Feature Webinar Recording | Passcode: j@PkK@96
Feature Webinar Documentation
Dev Webinar Recording | Passcode: $2BSSyTt
Dev Webinar Slides
Release Newsletter Subscription

System Requirements

Suggested

Name	Version
Node	20
NPM	9
Postgres	15
Elasticsearch OpenSearch	8.x v2.3.0
Redis	7
Livingdocs Server Docker Image	livingdocs/server-base:20
Livingdocs Editor Docker Image	livingdocs/editor-base:20
Browser Support	Edge >= 92, Firefox >= 90, Chrome >= 92, Safari >= 15.4, iOS Safari >= 15.4, Opera >= 78

Minimal

Name	Version
Node	18
NPM	9
Postgres	(Deprecated Postgres v12) 12
Elasticsearch OpenSearch	7.x 1
Redis	6.2
Livingdocs Server Docker Image	livingdocs/server-base:18.4
Livingdocs Editor Docker Image	livingdocs/editor-base:18.6
Browser Support	Edge >= 92, Firefox >= 90, Chrome >= 92, Safari >= 15.4, iOS Safari >= 15.4, Opera >= 78

Breaking Changes 🔥

server Release

Migrate the Postgres Database 🔥

No upstream migrations were added this release.

server Requirements

Drop support for Node v18.17 🔥

Drop support for Node versions below 18.17 due to a dependency. Use livingdocs/server-base:20 and livingdocs/editor-base:20 or the latest livingdocs/server-base:18.x or livingdocs/editor-base:18.x container images: livingdocs/server-base:18.4 and livingdocs/editor-base:18.6.

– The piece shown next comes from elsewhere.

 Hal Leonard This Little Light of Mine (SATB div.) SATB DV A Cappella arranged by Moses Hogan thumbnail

Server: Remove Node <v18.17 support

server Project configuration

Custom downstream plugins paramSchema validation changes 🔥

Plugins used in other contexts than the ones stated in the docs, will now report an error during server startup.

All downstream plugins are supported by default in document metadata and media library metadata. But if a downstream plugin is used in include services, creation flows or push messages, that will now cause an error during startup.

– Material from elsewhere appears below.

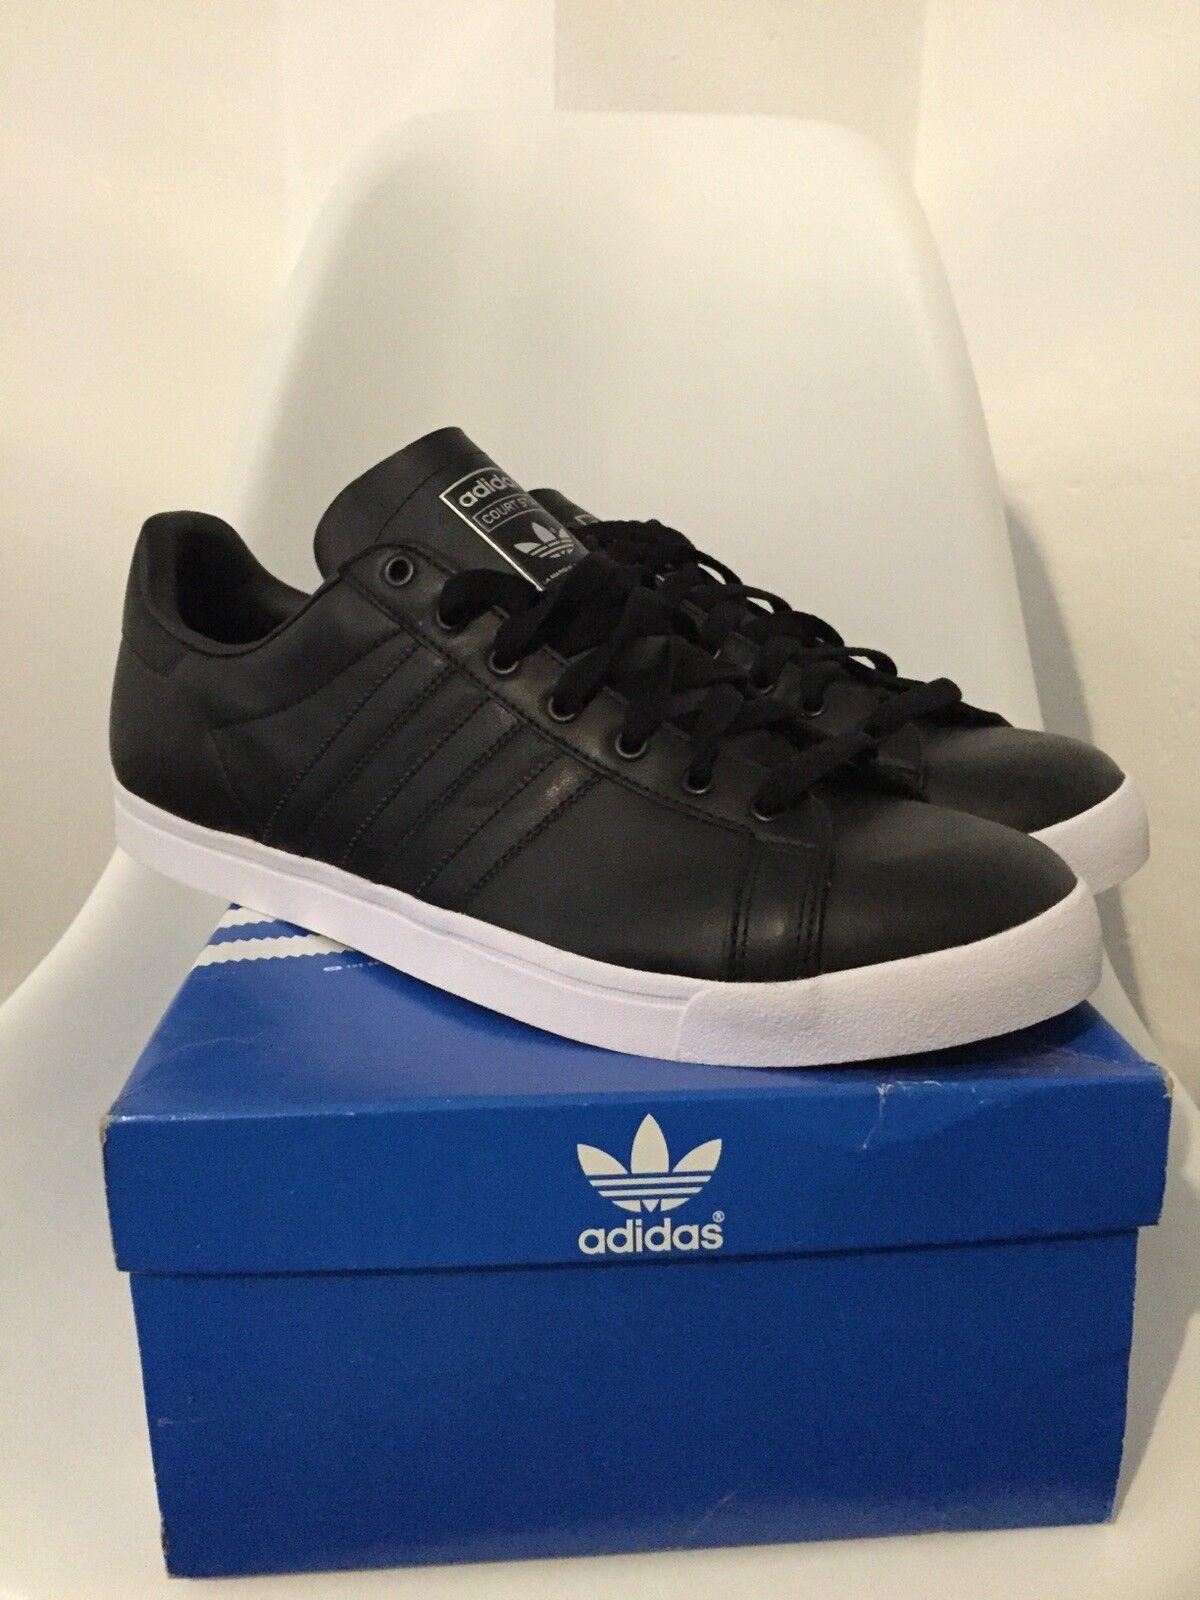 Adidas 1 Court Star, negro, 12 1 Adidas / 2 temporada de recortes de precios, beneficios de descuentos 403740

If a downstream plugin is being used in an include service or a creation flow params schema the following configuration needs to be added to the plugin declaration:

supportedPluginContexts: [
  'documentMetadata',
  'mediaLibraryEntryMetadata',
  'includeParams',
  'creationFlowParams'
]

You should remove the serverConfig.useStrictSchemas property if you set it in the previous release.

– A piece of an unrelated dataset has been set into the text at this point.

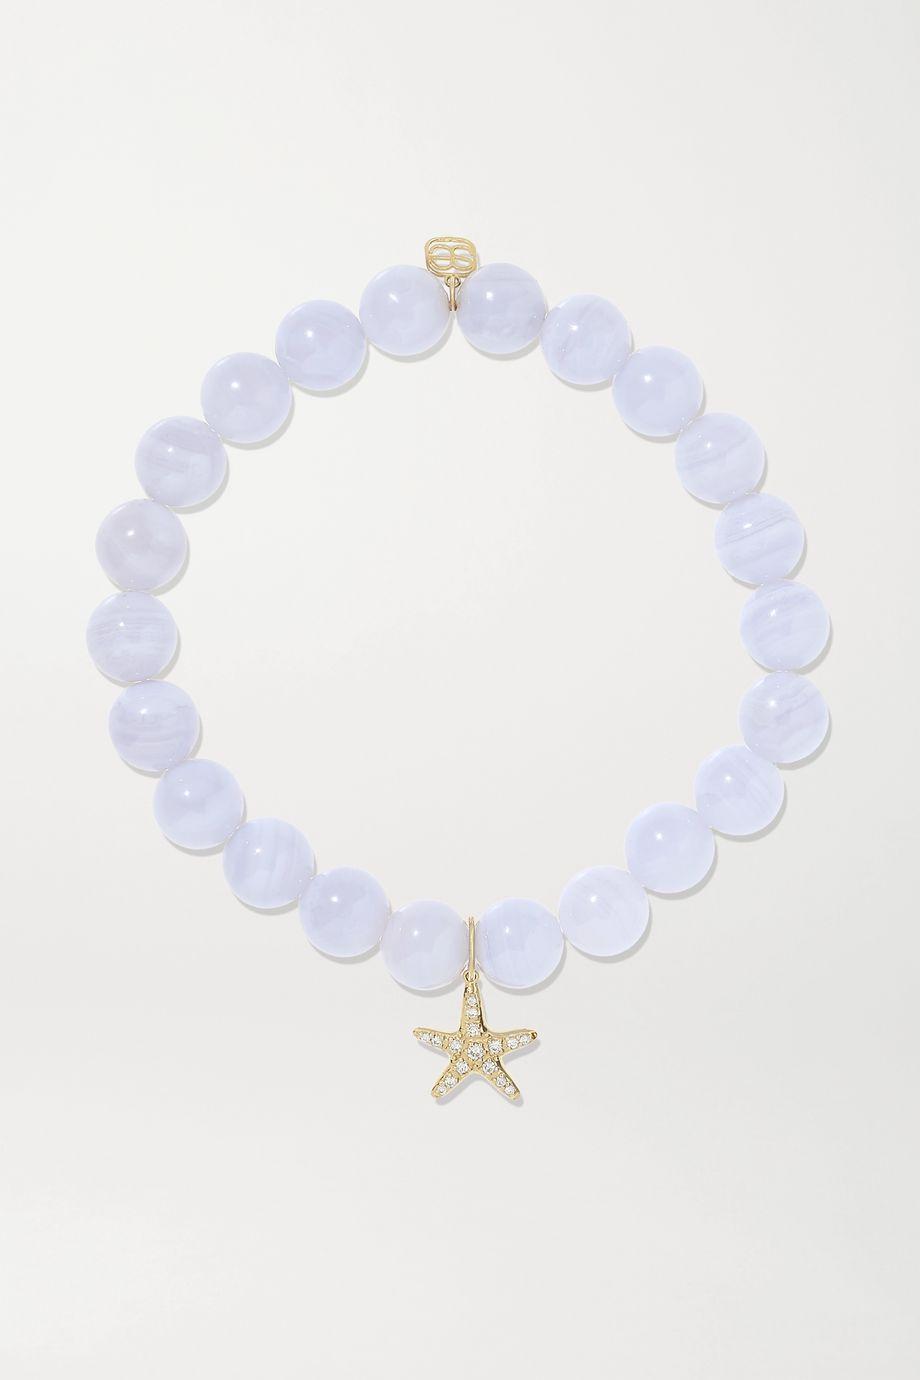 Sydney Evan 14-karat gold, agate and diamond bracelet

Please contact your Livingdocs customer manager if you have any problems with the limitations imposed by the supported plugin contexts.

Server PR: Validate plugin configuration in various contexts

server Server configuration

Config option `realtimeUpdates.enabled` 🔥

The option serverConfig.documents.realtimeUpdates.enabled has been removed. Please remove the enabled property from your Server configuration and replace it with one or both of the following properties instead:

serverConfig.documents.realtimeUpdates.pollingEnabled
serverConfig.documents.realtimeUpdates.websocketsEnabled

This breaking change concerns the Teaser includes reload feature. Please read the feature documentation for more information.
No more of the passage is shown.